Visakh Unni.

A Developer's Guide to Static Analysis

Visakh Unni14 min read
Automated code quality through static analysis

Code reviews catch a lot. But they can't catch everything. I've reviewed pull requests that looked perfectly fine - clean logic, good naming, solid tests - only to discover weeks later that a query was vulnerable to injection, or a function was silently swallowing errors in an edge case no reviewer thought to check. That experience pushed my team to invest in static analysis tooling - not as a replacement for code review, but as the kind of tireless, pattern-matching second pair of eyes that catches what we overlook.


Static analysis reads your source code without running it, looking for patterns that humans tend to miss: security vulnerabilities, subtle bugs, code that works today but will break when someone changes an assumption tomorrow.

The industry calls this SAST - Static Application Security Testing.
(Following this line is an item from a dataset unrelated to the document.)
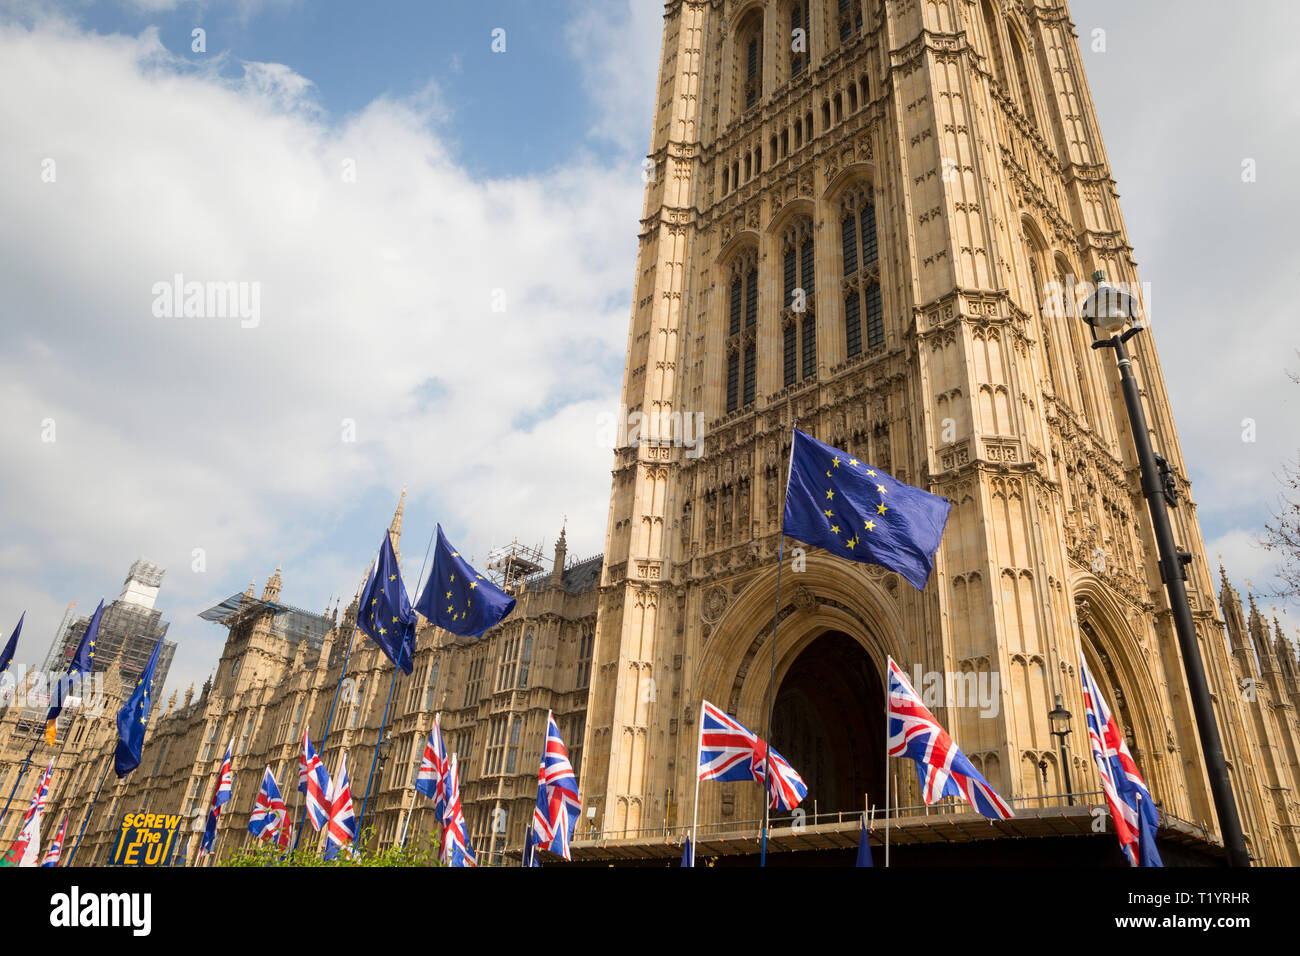 Als MPs auf, wie man mit Brexit parlamentarische Verfahren Fortschritte entscheiden, der EU und der Union Jack Fahnen wehen vor dem britischen Parlament in Westminster, am 28. März 2019 in London, England Stockfoto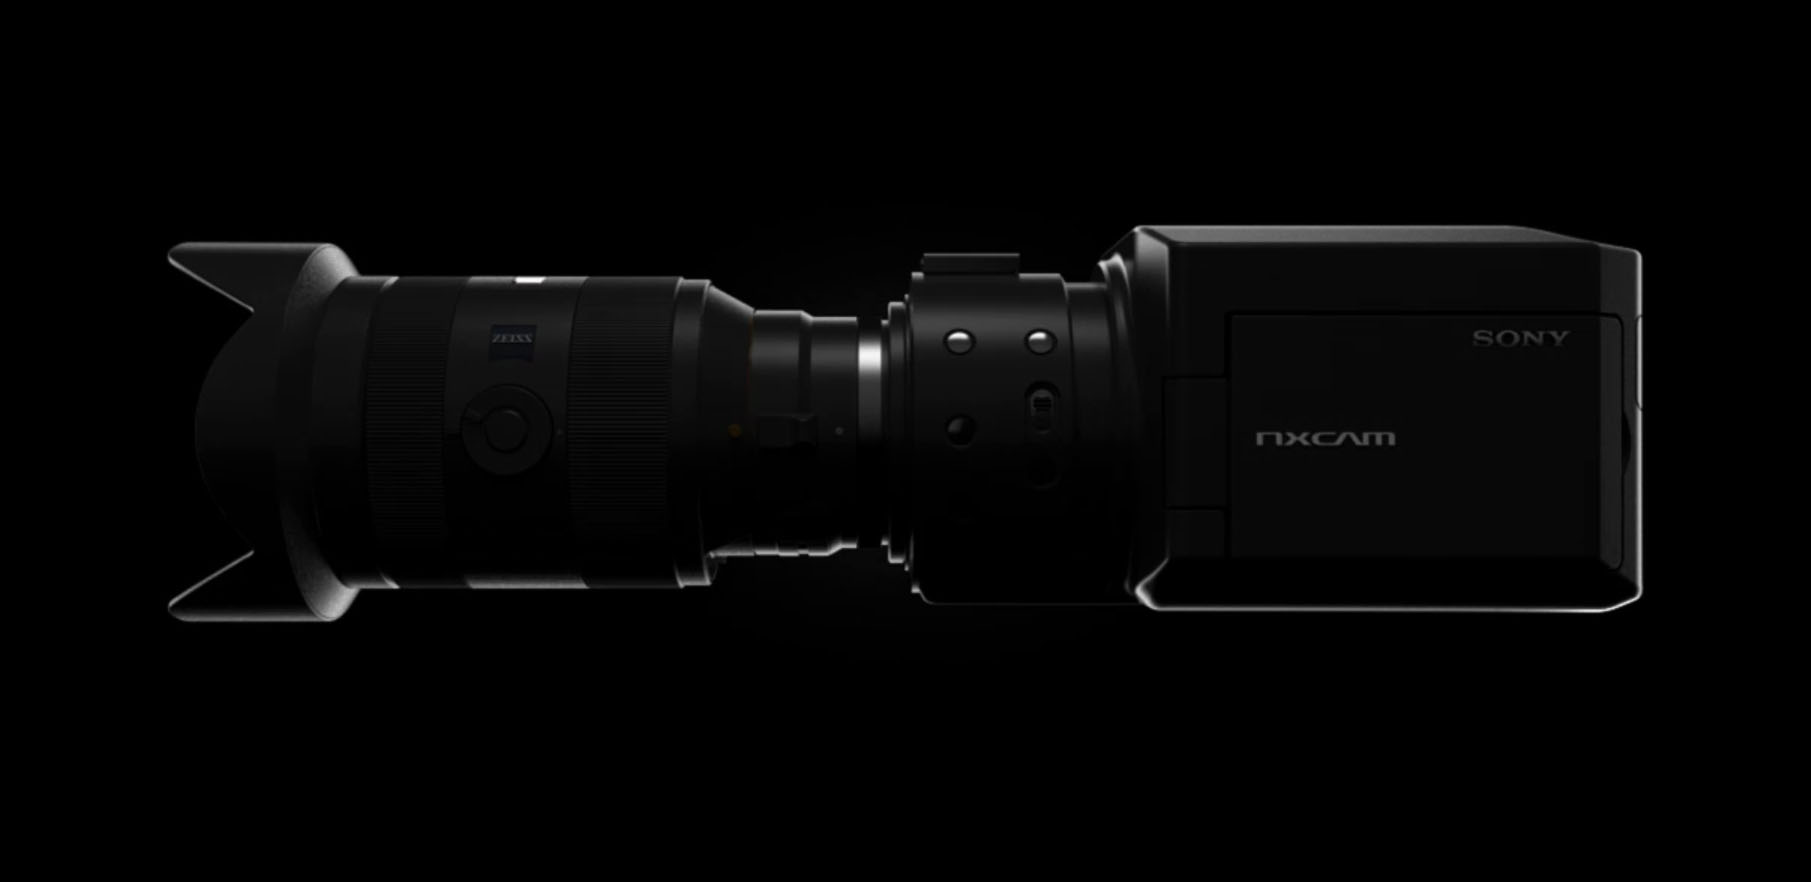 Rumor: Sony to announce NEX FS700 at NAB shooting 4K, 960 fps for $8K?

But the name undersells it. Modern static analysis tools go well beyond security. They flag complexity, duplication, maintainability issues, and coding standards violations. If you've used SonarQube, Semgrep, CodeQL, or even the linting rules in your IDE, you've already been using static analysis. This post is about understanding what these tools actually do under the hood, where they fall short, and how to make them genuinely useful rather than just another source of noise.

What Static Analysis Actually Does

At its core, static analysis examines code without executing it. A human reviewing code does something similar - they read through the logic and try to spot problems. Static analysis tools automate this, but they do it differently. Instead of reading code like text, they parse it into structured representations that make patterns easier to detect.

What is an AST?

An Abstract Syntax Tree is a concept borrowed from compilers. When a compiler translates source code into machine code, its first step is parsing the text into a tree that represents the program's structure - stripping away whitespace, comments, and formatting to leave just the logical relationships between expressions, statements, and declarations. SAST tools reuse this same compilation technique, but instead of generating machine code, they walk the tree looking for patterns that indicate bugs or vulnerabilities.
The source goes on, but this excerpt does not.